Даша, со странным выражением лица, села на скамеечку и подперла подбородок кулаком:
— Ох, моя золотая-бриллиантовая! Что расскажу-то!
— Ну, не томи! — заволновалась Юлия Павловна. Простонародной русской речью, благодаря Даше, она владела куда лучше, чем французским или немецким.
— Молодой барин вам для поездки карету прислал.
— Карету?!
— Эге. Федька сейчас мне показывал. Ца-арская карета! Сидения мягкие, пунцовые, кожей да бархатом обитые! А сзади ледничок пристроен, чтобы, значит, продукты в сохранности в пути были, да ларь для муки и круп. Да ящичек для кастрюлек-сковородок и протчего… Ну и красота, я вам скажу!

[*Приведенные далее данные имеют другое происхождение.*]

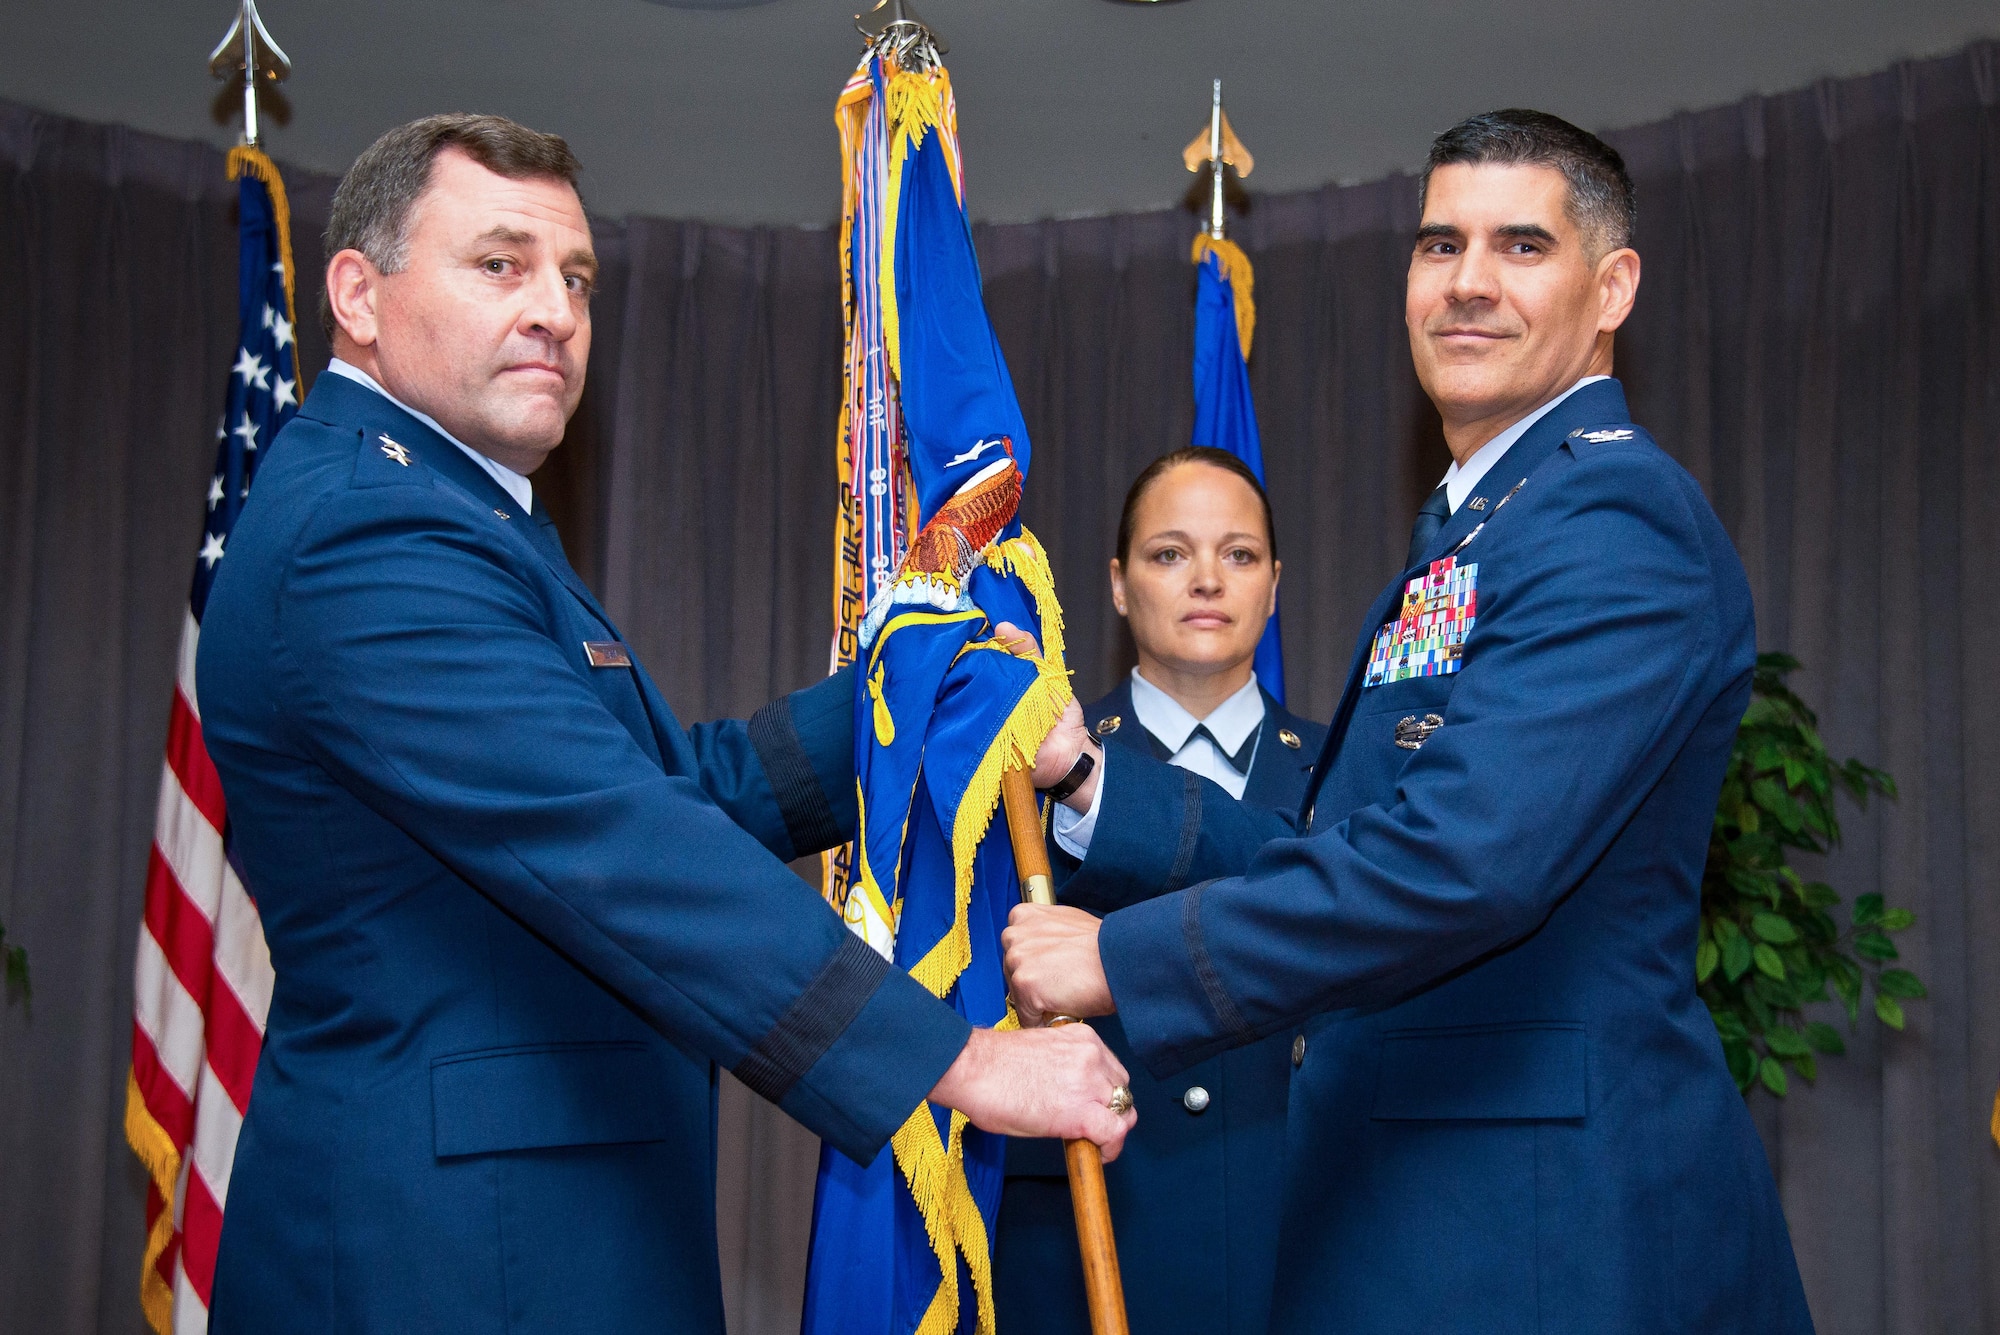 .Maj. Gen. Timothy Leahy, Air University vice commander, transfers command of the 42nd Air Base Wing to Col. Eric Shafa, July 7, 2016, Maxwell Air Force Base, Alabama. Before taking command of the 42nd ABW, Shafa was the commander of the 47th Mission Support Group at Laughlin Air Force Base, Texas, and was a student at Air University’s Squadron Officer School in 1999.  (U.S. Air Force photo/ Donna Burnett.)
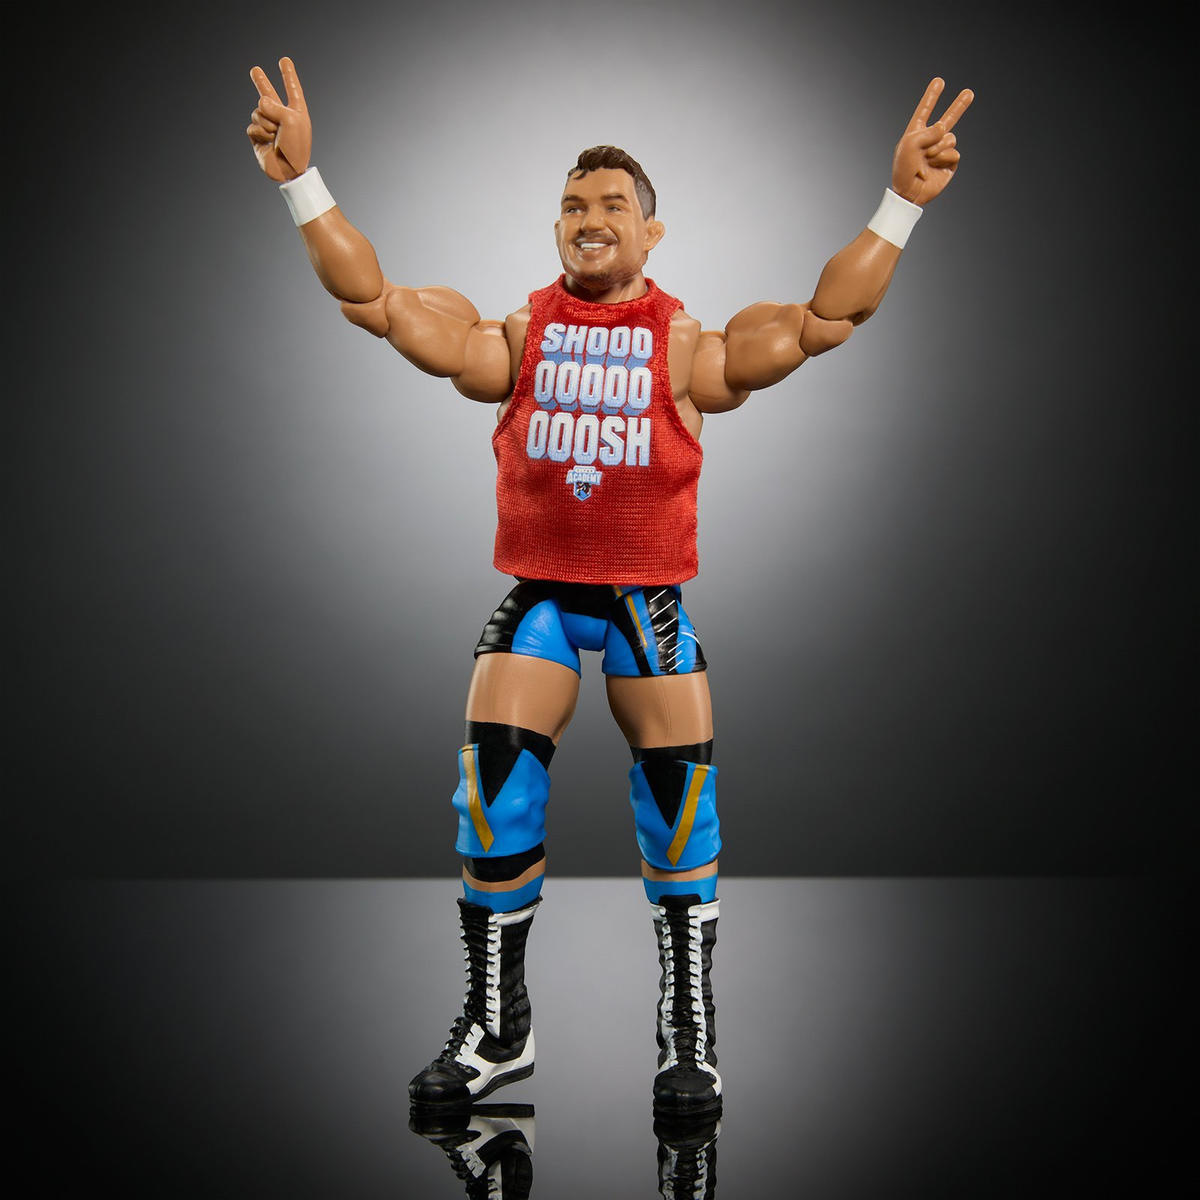 2023 WWE Mattel Elite Collection Series 106 Chad Gable

Юлия Павловна тут же загорелась осмотреть подарок. Правда, сразу ее желание удовлетворено не было. Девушки выждали, пока ключница отлучиться в кухню, и тихо, как мышки, пробежали коридор, лестницу и поспешили на конюшню. Барышня залилась румянцем и совсем не болезненно ахнула, увидев подарок. Обойдя карету кругом, она захлопала в ладоши и расцеловала в обе щеки сначала Дашу, а потом и Федора, который поспешно ретировался чистить и без того выхоленных лошадок.
— Даша! Ты посмотри, дверцы вызолочены! На окошках шторы!..
Забравшись внутрь, девушки упали на мягкие сидения. Юлия Павловна ладошкой погладила бархатные подголовники.
— Да тут спать можно! Мягче, чем на постели!
Горничная восторгов хозяйки не разделяла. Хмурясь, она проверила потайные ящички для нужных в дороге вещичек, поиграла шторами, обвела взглядом обитый сафьяном потолок.
— Чем это ты недовольна? — спросила Юлия Павловна, вольготно располагаясь на подушках.
— Думаю, с чего бы это молодой барин о нас, сирых, вспомнил? — кисло ответила Даша. — Расщедрился, ничего не скажешь…
— О чем ты, Дашенька? — Юлия Павловна вскинула брови. — Не чужие же мы люди. Папенька — Царство ему небесное! — Владимиру Алексеевичу как-то жеребца подарил… карабахского… Я помню.
— Долго отдарка ждать пришлось, — проворчала горничная, чтобы барышня не услышала. А барышня пообещалась сегодня же отписать щедрому дарителю, излив на него тысячу благодарностей.
Вскоре настал день, когда Юлия Павловна была со всеми предосторожностями выведена из дома и устроена в новой карете, закутанная всевозможными пледами и одеялами, и обложенная подушками под спину и локти. Барышня изволила даже засмеяться и пошутить, что очень обрадовало Дашу. Обрадовало ее и то, что ключница ехала другой подводой, чтобы приглядеть за вещами. Таким образом, девушки были избавлены от противной старухи на время путешествия.
Пока не выехали из Москвы, Юлия Павловна смотрела в окошечко, жадно разглядывая улицы, дома, редких прохожих. Потом ее разморило, она сладко зевнула и уснула крепко и спокойно, как никогда не спала дома.